Stored data:
◆ ◆ ◆ ◆ ◆ ◆ ◆
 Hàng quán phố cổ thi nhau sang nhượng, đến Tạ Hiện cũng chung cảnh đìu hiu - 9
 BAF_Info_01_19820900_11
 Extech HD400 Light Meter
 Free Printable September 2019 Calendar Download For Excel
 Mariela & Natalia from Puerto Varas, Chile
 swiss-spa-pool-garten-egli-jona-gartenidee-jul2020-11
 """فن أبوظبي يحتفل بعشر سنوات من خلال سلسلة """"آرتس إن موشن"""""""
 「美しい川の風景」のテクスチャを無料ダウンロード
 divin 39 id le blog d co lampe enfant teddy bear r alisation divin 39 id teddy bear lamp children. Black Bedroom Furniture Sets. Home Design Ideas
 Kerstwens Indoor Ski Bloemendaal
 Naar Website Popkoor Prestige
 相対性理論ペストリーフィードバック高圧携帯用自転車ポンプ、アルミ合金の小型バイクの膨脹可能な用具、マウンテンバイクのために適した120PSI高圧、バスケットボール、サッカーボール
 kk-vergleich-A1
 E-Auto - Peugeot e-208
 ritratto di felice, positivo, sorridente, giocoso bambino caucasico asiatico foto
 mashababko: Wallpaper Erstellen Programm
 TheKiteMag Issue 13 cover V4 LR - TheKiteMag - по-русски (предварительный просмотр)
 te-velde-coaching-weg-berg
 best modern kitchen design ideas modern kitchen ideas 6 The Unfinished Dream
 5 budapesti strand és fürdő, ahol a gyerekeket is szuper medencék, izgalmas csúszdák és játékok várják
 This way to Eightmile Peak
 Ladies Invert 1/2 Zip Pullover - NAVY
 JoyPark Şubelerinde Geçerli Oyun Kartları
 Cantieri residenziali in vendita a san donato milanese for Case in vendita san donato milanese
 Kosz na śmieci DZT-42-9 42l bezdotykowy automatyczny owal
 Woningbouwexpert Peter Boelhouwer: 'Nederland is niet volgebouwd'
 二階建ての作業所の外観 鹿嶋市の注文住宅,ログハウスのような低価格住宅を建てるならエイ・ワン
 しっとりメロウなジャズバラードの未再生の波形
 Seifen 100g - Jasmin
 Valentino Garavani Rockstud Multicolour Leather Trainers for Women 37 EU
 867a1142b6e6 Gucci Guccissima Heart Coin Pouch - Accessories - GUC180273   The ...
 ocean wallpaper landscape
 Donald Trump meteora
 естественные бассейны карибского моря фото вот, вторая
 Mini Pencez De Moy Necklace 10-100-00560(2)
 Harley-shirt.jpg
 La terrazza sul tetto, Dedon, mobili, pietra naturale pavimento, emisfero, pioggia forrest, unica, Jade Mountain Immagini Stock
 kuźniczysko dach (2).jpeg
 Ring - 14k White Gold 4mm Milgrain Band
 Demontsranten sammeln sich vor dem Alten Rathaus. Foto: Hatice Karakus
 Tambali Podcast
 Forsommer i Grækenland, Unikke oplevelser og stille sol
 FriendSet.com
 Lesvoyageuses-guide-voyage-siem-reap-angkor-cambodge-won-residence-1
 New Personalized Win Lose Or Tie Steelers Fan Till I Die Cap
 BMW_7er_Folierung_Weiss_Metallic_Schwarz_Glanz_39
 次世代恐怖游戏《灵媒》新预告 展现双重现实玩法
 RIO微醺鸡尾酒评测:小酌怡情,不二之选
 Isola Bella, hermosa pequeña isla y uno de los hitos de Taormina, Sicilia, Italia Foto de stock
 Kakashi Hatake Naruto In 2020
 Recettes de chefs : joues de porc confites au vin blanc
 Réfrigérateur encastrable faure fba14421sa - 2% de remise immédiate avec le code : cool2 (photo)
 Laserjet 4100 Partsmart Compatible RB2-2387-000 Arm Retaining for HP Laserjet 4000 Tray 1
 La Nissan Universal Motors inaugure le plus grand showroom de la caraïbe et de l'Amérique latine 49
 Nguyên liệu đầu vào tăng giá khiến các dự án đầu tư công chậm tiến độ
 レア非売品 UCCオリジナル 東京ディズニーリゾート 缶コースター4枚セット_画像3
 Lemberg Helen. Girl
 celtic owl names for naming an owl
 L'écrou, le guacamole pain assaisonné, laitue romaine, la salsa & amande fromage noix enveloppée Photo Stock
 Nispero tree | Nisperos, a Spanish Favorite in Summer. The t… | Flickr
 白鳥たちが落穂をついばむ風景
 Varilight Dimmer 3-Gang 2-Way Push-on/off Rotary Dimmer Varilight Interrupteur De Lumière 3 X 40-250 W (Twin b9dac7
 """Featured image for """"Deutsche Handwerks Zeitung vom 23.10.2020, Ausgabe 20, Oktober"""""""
◆ ◆ ◆ ◆ ◆ ◆ ◆
Once you reach the line with "Mini Pencez De Moy Necklace 10-100-00560(2)" in the data above, copy it and every line after it exactly, up to and including the line with "FriendSet.com".

Task output —
 Mini Pencez De Moy Necklace 10-100-00560(2)
 Harley-shirt.jpg
 La terrazza sul tetto, Dedon, mobili, pietra naturale pavimento, emisfero, pioggia forrest, unica, Jade Mountain Immagini Stock
 kuźniczysko dach (2).jpeg
 Ring - 14k White Gold 4mm Milgrain Band
 Demontsranten sammeln sich vor dem Alten Rathaus. Foto: Hatice Karakus
 Tambali Podcast
 Forsommer i Grækenland, Unikke oplevelser og stille sol
 FriendSet.com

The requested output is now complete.